Directions for this task:
After finding the line containing "А эта реклама" below, please output that line and each following one through the line containing "Deer & Rabbit Solid Background", exactly as written.

++++++++++

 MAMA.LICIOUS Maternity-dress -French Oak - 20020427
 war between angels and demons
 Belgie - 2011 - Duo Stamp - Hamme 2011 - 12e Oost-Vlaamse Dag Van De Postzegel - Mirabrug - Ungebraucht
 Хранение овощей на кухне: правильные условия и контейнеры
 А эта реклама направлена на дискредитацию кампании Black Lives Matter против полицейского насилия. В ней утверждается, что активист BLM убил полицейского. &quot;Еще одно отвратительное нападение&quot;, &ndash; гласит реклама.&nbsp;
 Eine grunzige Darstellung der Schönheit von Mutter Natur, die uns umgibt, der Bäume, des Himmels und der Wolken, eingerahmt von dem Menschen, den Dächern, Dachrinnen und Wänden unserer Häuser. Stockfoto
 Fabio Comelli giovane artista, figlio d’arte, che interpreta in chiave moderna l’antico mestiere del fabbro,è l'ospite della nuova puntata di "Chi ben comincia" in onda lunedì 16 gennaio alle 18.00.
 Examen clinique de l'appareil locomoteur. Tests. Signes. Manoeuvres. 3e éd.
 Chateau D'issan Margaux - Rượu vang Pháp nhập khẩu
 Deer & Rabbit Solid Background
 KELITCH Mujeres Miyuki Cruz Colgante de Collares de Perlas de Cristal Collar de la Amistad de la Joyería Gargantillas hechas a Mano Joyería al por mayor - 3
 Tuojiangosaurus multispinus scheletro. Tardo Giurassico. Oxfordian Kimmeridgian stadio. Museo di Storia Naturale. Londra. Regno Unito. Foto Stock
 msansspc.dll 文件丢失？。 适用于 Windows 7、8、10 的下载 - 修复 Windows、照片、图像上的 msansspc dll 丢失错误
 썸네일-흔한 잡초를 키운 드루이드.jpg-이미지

++++++++++

Task answer:
 А эта реклама направлена на дискредитацию кампании Black Lives Matter против полицейского насилия. В ней утверждается, что активист BLM убил полицейского. &quot;Еще одно отвратительное нападение&quot;, &ndash; гласит реклама.&nbsp;
 Eine grunzige Darstellung der Schönheit von Mutter Natur, die uns umgibt, der Bäume, des Himmels und der Wolken, eingerahmt von dem Menschen, den Dächern, Dachrinnen und Wänden unserer Häuser. Stockfoto
 Fabio Comelli giovane artista, figlio d’arte, che interpreta in chiave moderna l’antico mestiere del fabbro,è l'ospite della nuova puntata di "Chi ben comincia" in onda lunedì 16 gennaio alle 18.00.
 Examen clinique de l'appareil locomoteur. Tests. Signes. Manoeuvres. 3e éd.
 Chateau D'issan Margaux - Rượu vang Pháp nhập khẩu
 Deer & Rabbit Solid Background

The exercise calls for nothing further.